Publication Date

Spring 2017

Degree Type

Master's Project

Degree Name

Master of Science (MS)


Computer Science

First Advisor

Sami Khuri

Second Advisor

Thomas Austin

Third Advisor

Philip Heller


Cryptic Splice Sites, Genetic Algorithms, Random Forest based classifier


Proteins are building blocks of the bodies of eukaryotes, and the process of synthesizing proteins from DNA is crucial for the good health of an organism [13]. However, some mutations in the DNA may disrupt the selection of 5’ or 3’ splice sites by a spliceosome. An important research question is whether the disruptions have a stochastic relation to the position of nucleotides in the vicinity of the known authentic and cryptic splice sites.
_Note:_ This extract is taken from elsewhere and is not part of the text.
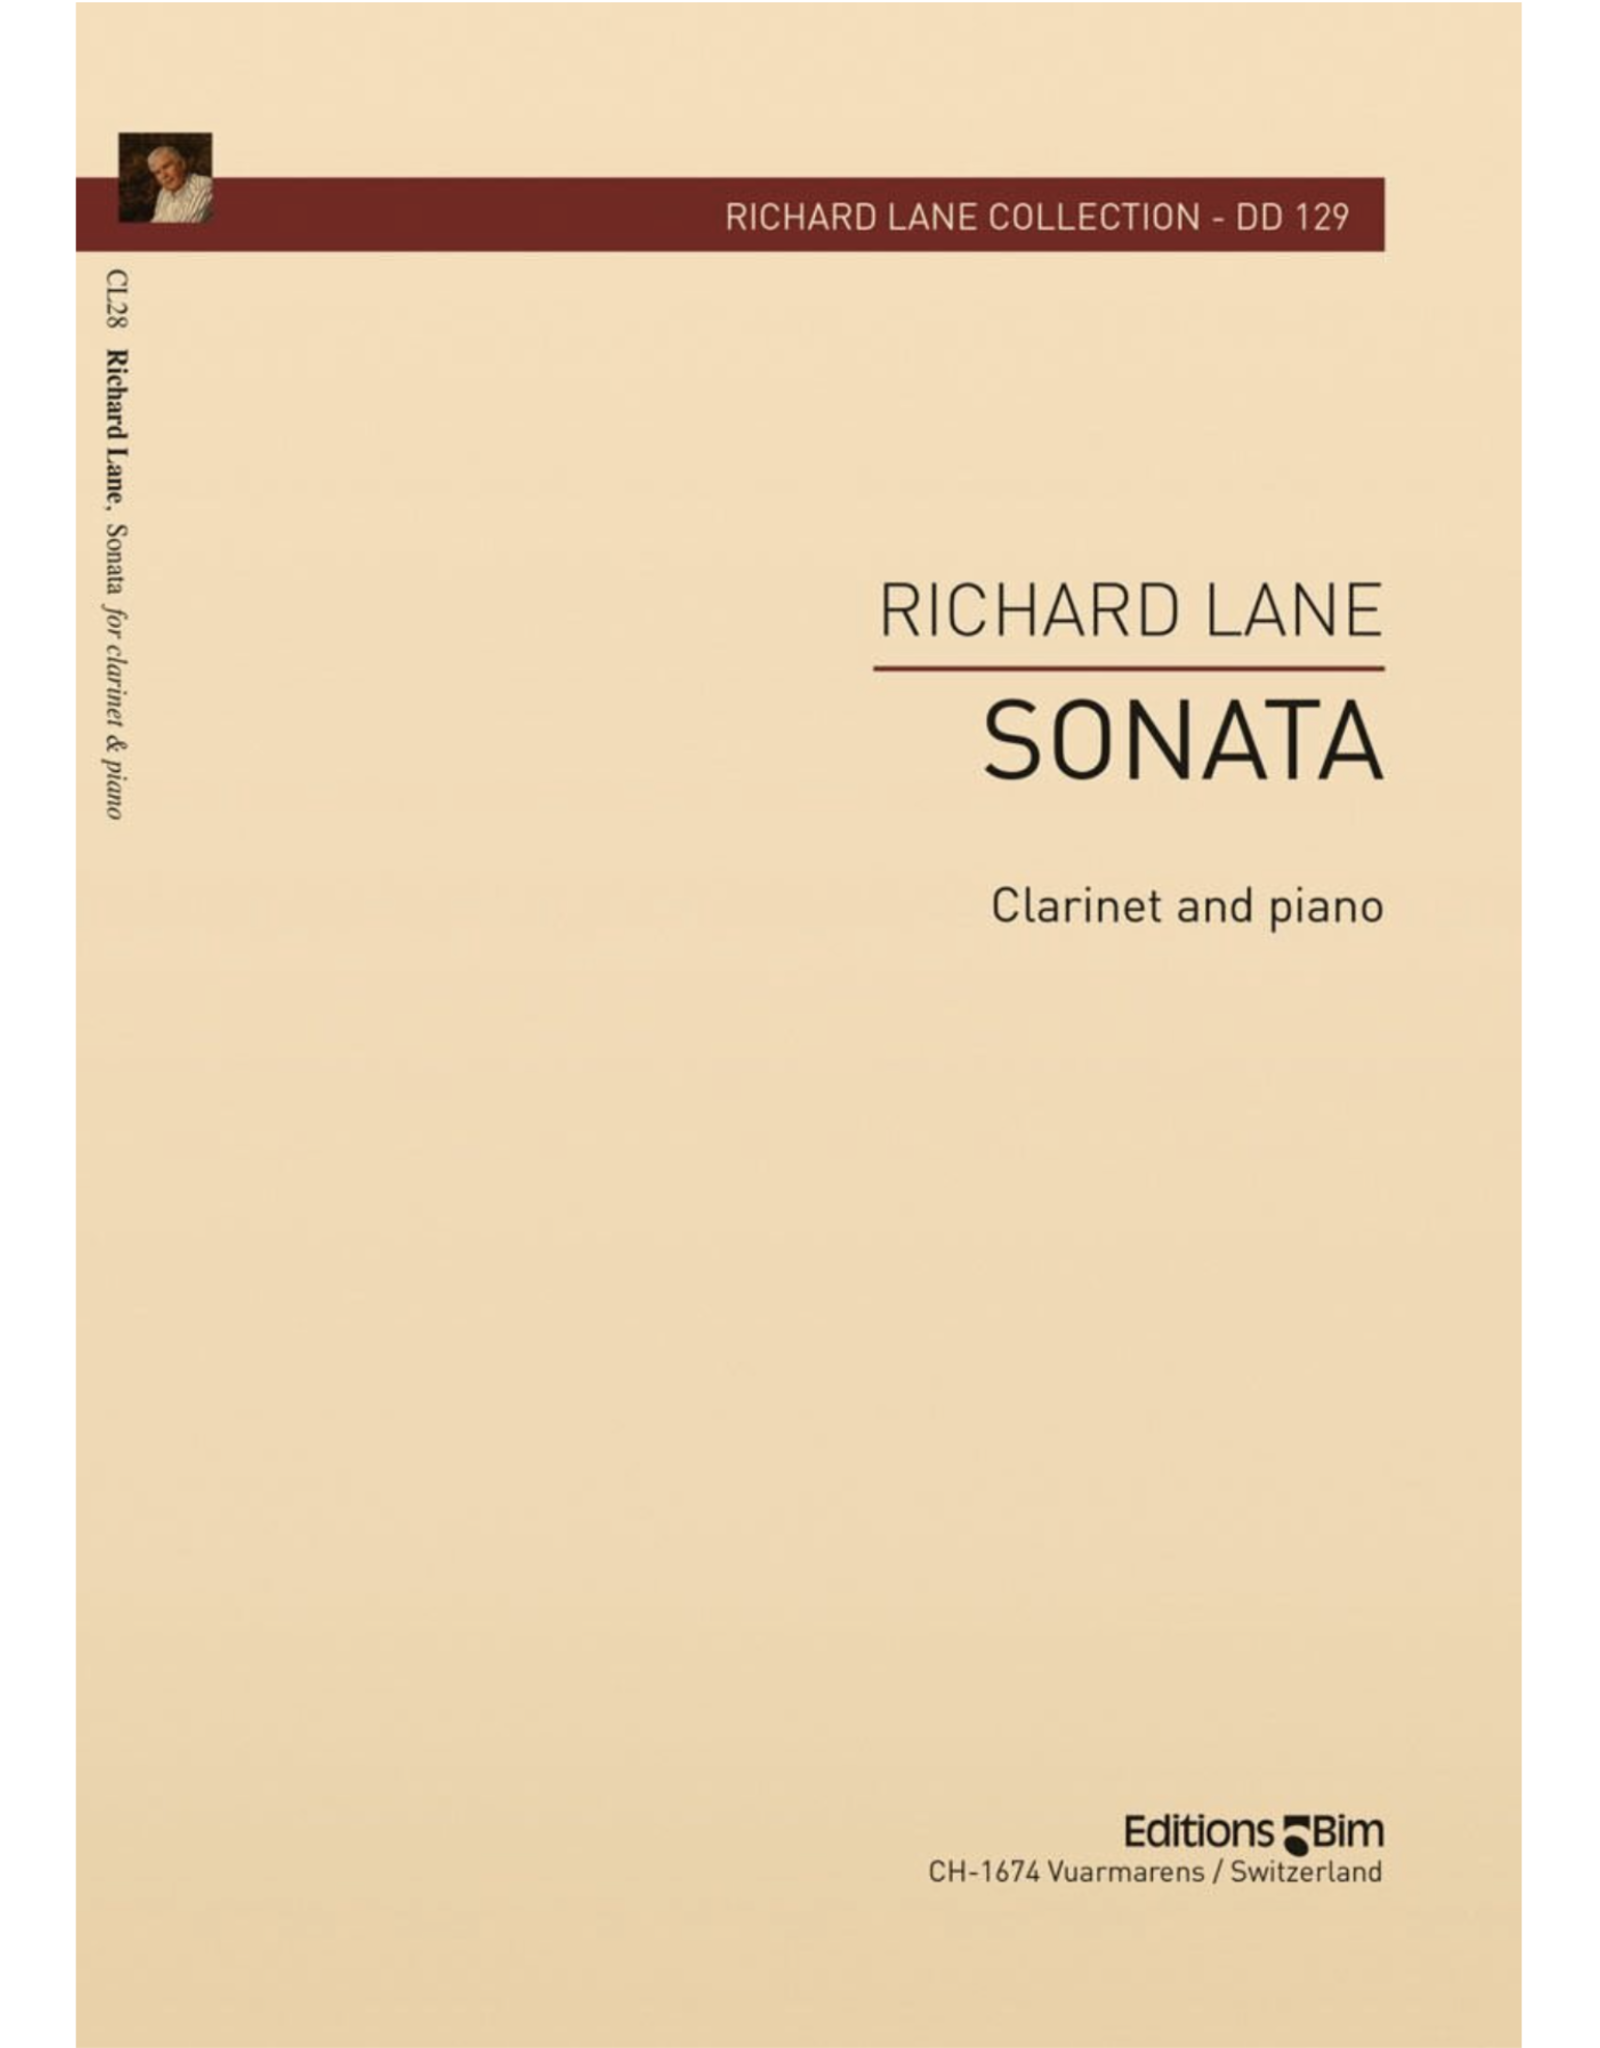 Generic Richard Lane - Sonata for Clarinet and Piano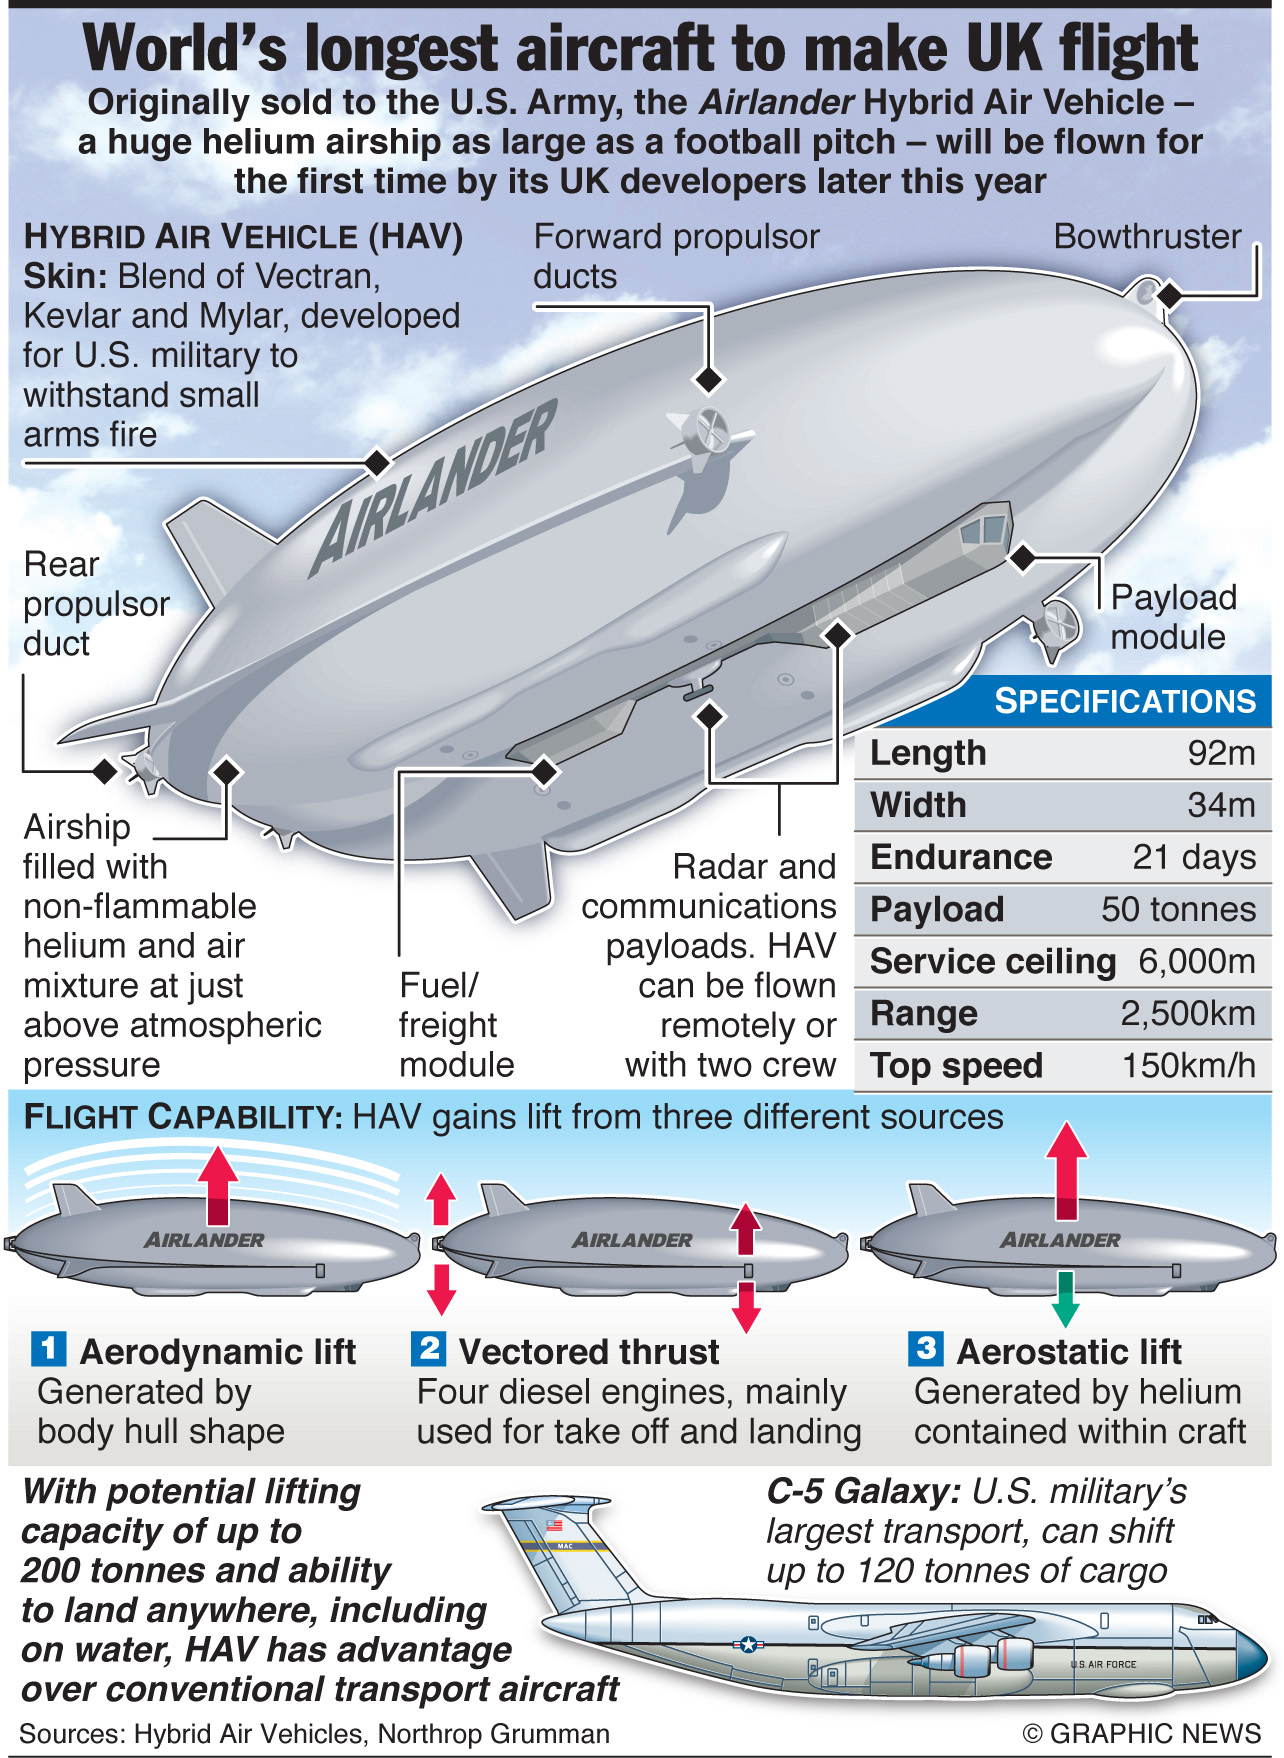 https://engtechmag.files.wordpress.com/2014/03/giant-airship.jpg

This can be achieved by proving that the authentic and cryptic splice sites are intrinsically different. However, the behavior of the spliceosome is not accurately known. Hence, it is a logical step to model the behavior of the spliceosome using an algorithm that is suitable for modeling unknown functions.

Genetic Algorithms have played an important role in heuristically optimizing NP-Hard search problems [8]. An exhaustive search on the splice site data search space in order to determine the spliceosome function is an NP-Hard problem. Thus, spliceosome function is modeled as a search problem and a Genetic Algorithms based framework is created to prove the hypothesis.

A Random Forest based classifier is proposed to be used as the scoring function. It reduces the rigidity of the comparison mechanism used to compare authentic and cryptic splice sites.